Major personnel shake-ups are widely expected, and Musk ousted three top Twitter executives last week, according to two people familiar with the deal. But the tech guru and self-proclaimed “Chief Twit” has otherwise made contradictory statements about the future of the company — and shared few concrete plans for how he will run it.
That has left Twitter’s users, advertisers and employees to parse his every move in an effort to guess where he might take the company. Many are looking to see if he will welcome back a number of influential conservative figures banned for violating Twitter’s rules.

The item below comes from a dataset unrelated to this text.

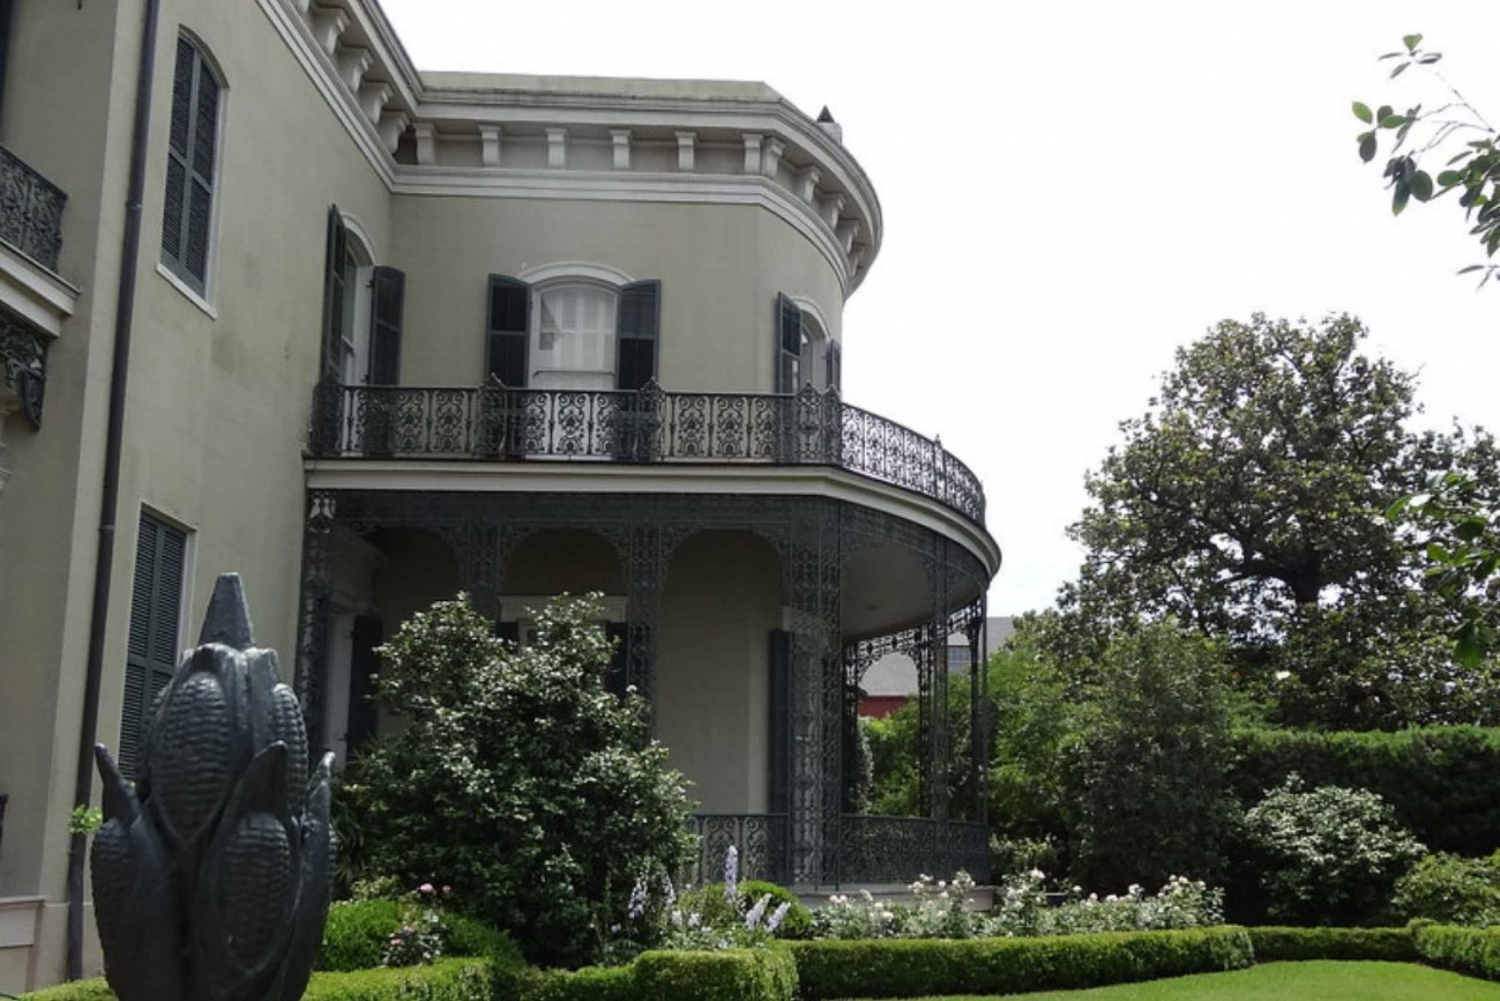 New Orleans: tombe e palazzi del Garden District

In response to Musk’s tweet linking to the unfounded post about the Paul Pelosi attack, state Sen. Scott Wiener (D-San Francisco) tweeted: “It only took 72 hours for Elon Musk, as Twitter CEO, to start posting conspiracy theories. I wonder how long it’ll take for him to reactivate Kanye, Trump & other toxic accounts.”
Musk has been taking to Twitter — his platform of choice even before he made a bid to buy it — to discuss his vision for the company’s future.
“A beautiful thing about Twitter is how it empowers citizen journalism — people are able to disseminate news without an establishment bias,” Musk wrote in one tweet.
Another post found him trying to square two conflicting impulses at the root of Twitter’s business model: the need to cultivate an ecosystem that third-party advertisers want to appear on, versus Musk’s frequently stated desire for the platform to be hands-off when it comes to moderating users’ posts.
“The reason I acquired Twitter is because it is important to the future of civilization to have a common digital town square, where a wide range of beliefs can be debated,” wrote Musk, who in the past has criticized the platform as overly censorious.